Frank Castle Lost Everything He Loved Before 'The Punisher'

Frank Castle's past is integral to the character. His identity as the Punisher was formed in the wake of intense pain that transformed him into the antihero so many viewers have become invested in. Frank may have gotten revenge for the ills done to his family in past during his time on Daredevil, but that didn't mean he'd recovered from the horror of it. But what happened to Frank Castle's family on The Punisher? It was the defining moment of his life, the thing that set him on the path he's still traveling in his solo series.

Before he ever showed up on anyone's Netflix screen, Frank was a soldier and a decorated war hero with a wife and two young children, a daughter and a son. He had only just returned home to them when they were cruelly taken from him again. A day after his return, the family went to Central Park where they ended up caught in the middle of a shoot-out between three gangs: the Kitchen Irish, the Dogs of Hell, and a Mexican cartel. The gang meeting had been arranged by the D.A.'s office to try and oust a drug lord named the Blacksmith, but the Blacksmith didn't appear and chaos ensued instead. Frank's entire family was killed, and he almost died as well.

When he'd recovered from his injuries, Frank was no longer the man he'd been before. The senseless murder of his family had changed him, and he became obsessed with avenging their deaths and taking out all the criminals he could find in New York City. Though he was a vigilante just like Daredevil, Frank wasn't interested in costumes or mercy; he took down criminals with extreme violence, which became a defining feature of the character both in the comics and in live action adaptations.

But no matter what he did, he was still haunted by his family. Before he would kill someone, he would repeat a specific phrase ("One batch, two batch, penny and dime") that came from his daughter's favorite book, which he had been too tired to read to her the night before her untimely death. Frank devoted all his energy to killing every last member of the three gangs who had been responsible for the shooting, but his ultimate mission was to find the Blacksmith.

The Blacksmith was closer than Frank may have thought. The mysterious drug lord ended up being Frank's old commanding officer Colonel Ray Schoonover, who had been one of the few people to openly support Frank throughout Season 2 of Daredevil. Though it was just an awful coincidence that Frank and his family were in the exact place the D.A. was hoping to entrap Schoonover (who holds a sting operation at a Central Park carousel, I ask you?), Schoonover did indicate that they might still be alive if Frank had agreed to take part in the drug trade, so the deaths of his loved ones may have been partially intentional, though Schoonover was killed by Frank before he could elaborate any further.

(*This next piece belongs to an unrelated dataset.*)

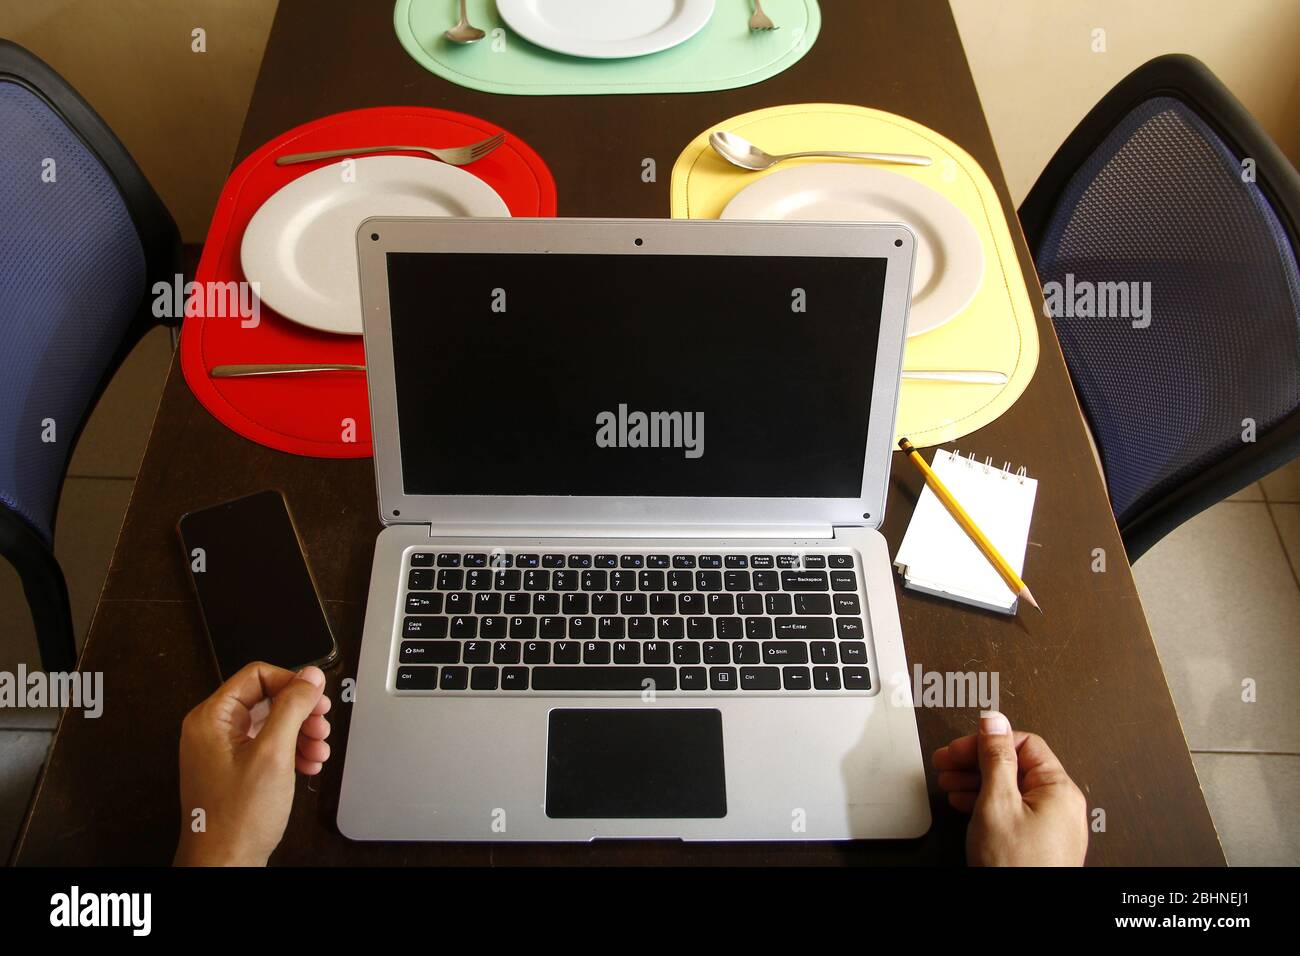 Photo d'ordinateur portable avec saisie des mains dessus, smartphone, ordinateur portable, crayon, assiettes et ustensiles sur une table à manger. Banque D'Images

Frank killed Schoonover, which meant he'd taken out every last person associated with the murder of his wife and children. Technically he'd done what he set out to do: he'd gotten his revenge. But just because his mission was over didn't mean Frank was done. He couldn't exactly return to a normal life after slaughtering half of Hell's Kitchen and breaking out of prison. He left Daredevil behind, but he continued with his plan to end crime wherever he found it — albeit in the bloodiest way possible.

But just like Frank couldn't give up his vigilantism, he also couldn't wholly move past what happened to his family. The trauma of their deaths stayed with him even though he was finished with actively seeking out their killers. Frank's family would always be a part of him, no matter what.